エセルが、なんとかラキスに近寄ろうとしながら悲鳴をあげた。
「待って。これは何かの間違いよ。話を聞いてあげて」
かばわれた侵入者を含め、誰一人として姫の声に耳を貸す者はいなかった。
ラキスは勝ち目がまったくないにもかかわらず、包囲に抵抗しながら動き、業を煮やした護衛兵たちがあらたな体勢をとりはじめる。殺生以外のことならしてもいいだろうと判断したのだ。
と、その刹那──。
ふいに、そこにいた一同の頭上に影がさした。影は複数あり、やはり複数の、鳥のはばたきに似た異様な音が急速に近づいた。
上を見上げたエセルは、今日一日の間にいったい何度、予測不能なものを見なければならないのかと思わずにはいられなかった。

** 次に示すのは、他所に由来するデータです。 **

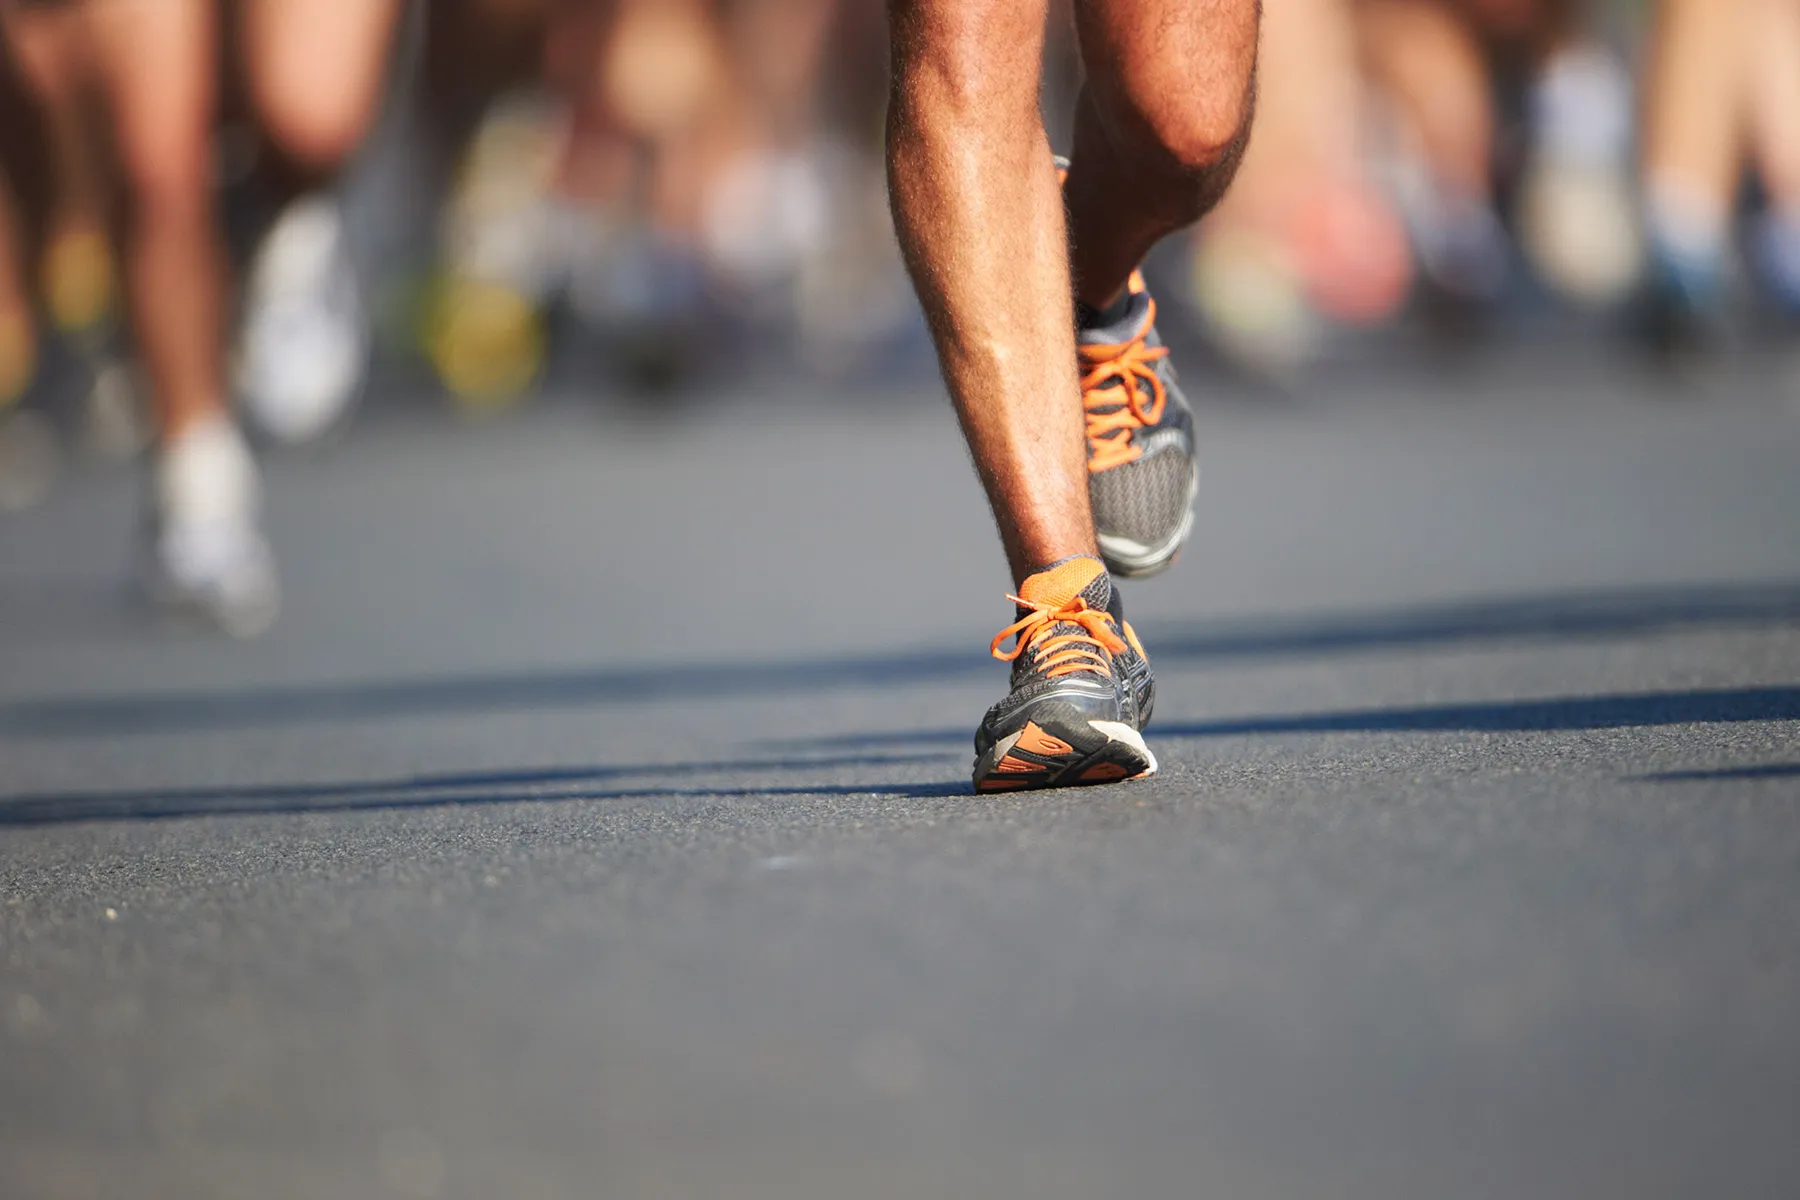 Running Long Distances Might Not Hurt Your Joints After All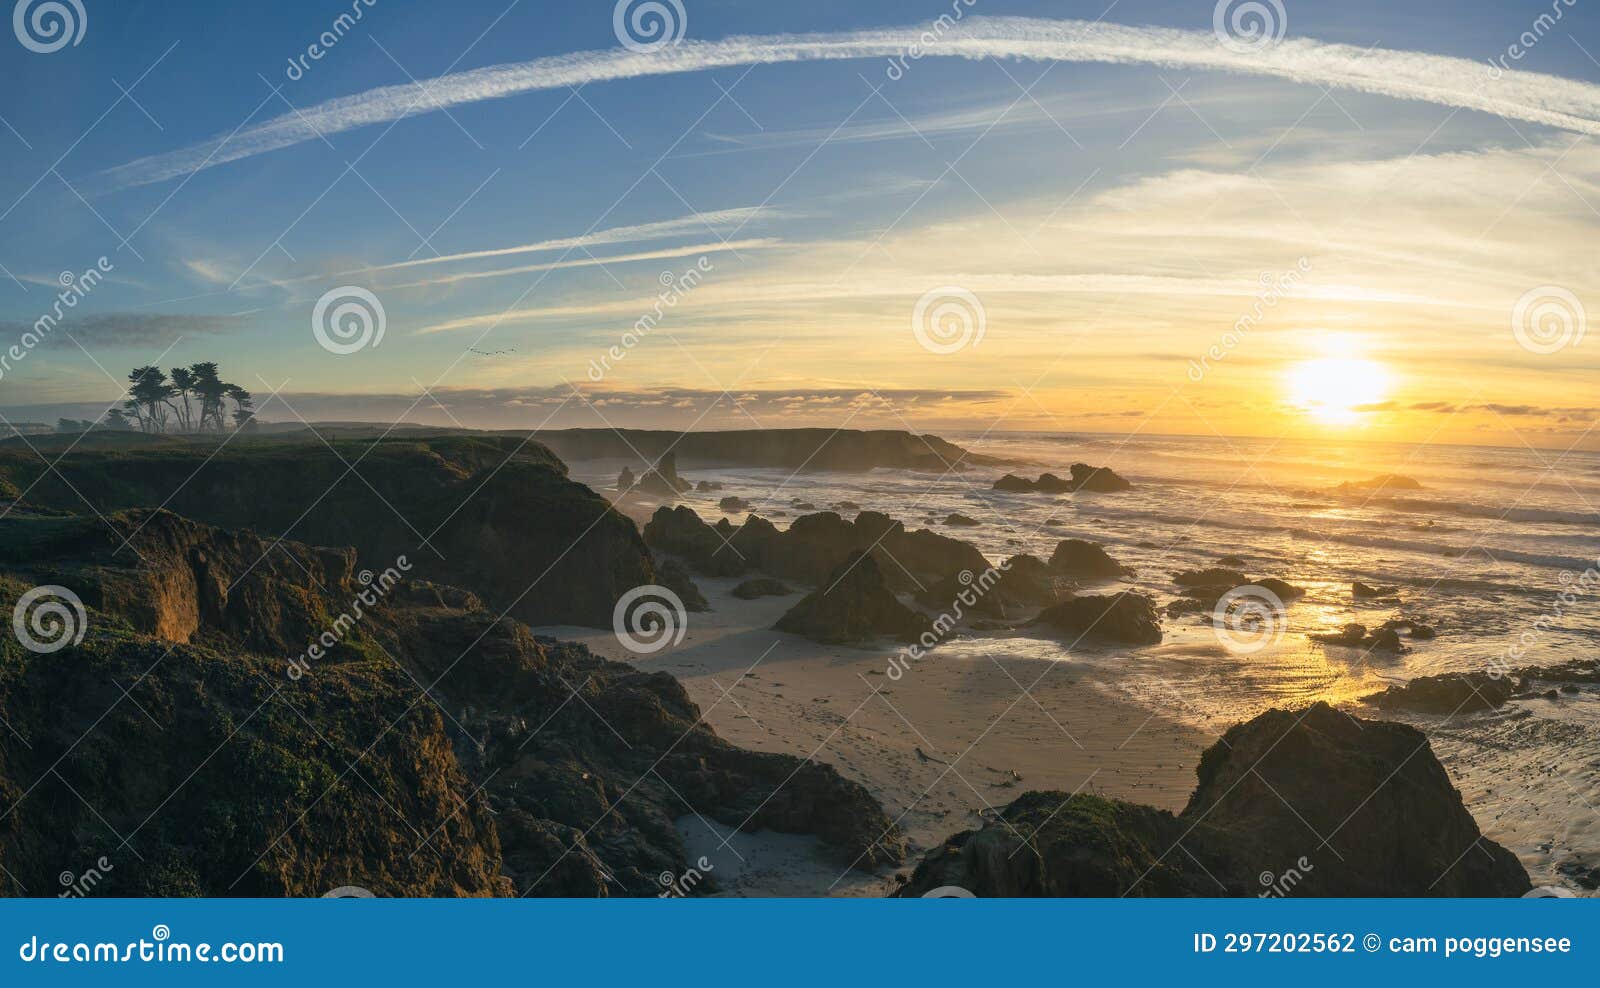 wide angle landscape view of fort bragg coastline as sunset near pudding creek trees

頭上を飛んでいたのは、三人の男たちだった。背中に蝙蝠そっくりの大きな翼を持ち、荒々しくはばたきながらラキスめがけて降りてくる。
黒い塊のような不吉な姿に、衛兵たちの輪が思わずひろがった。異形の男たちのうちの一人が、輪の中心に突っ立っている若者に手をのばすと、その背にあった背嚢をいきなりもぎとり放り投げた。
そして、空いた背中に抱きつくようにして自分の両腕をまわし、彼の身体を宙に抱え上げた。
男はたちまち上空まではばたき上がり、ほかの二人もすぐあとに続く。護衛たちが剣をかまえ直したところですでに遅く、そもそも剣など届くはずもない。
黒い一団は、誰に邪魔されることもなく庭園の上を飛び、みるみるうちに城壁を越えて一同の視界から消え去っていった。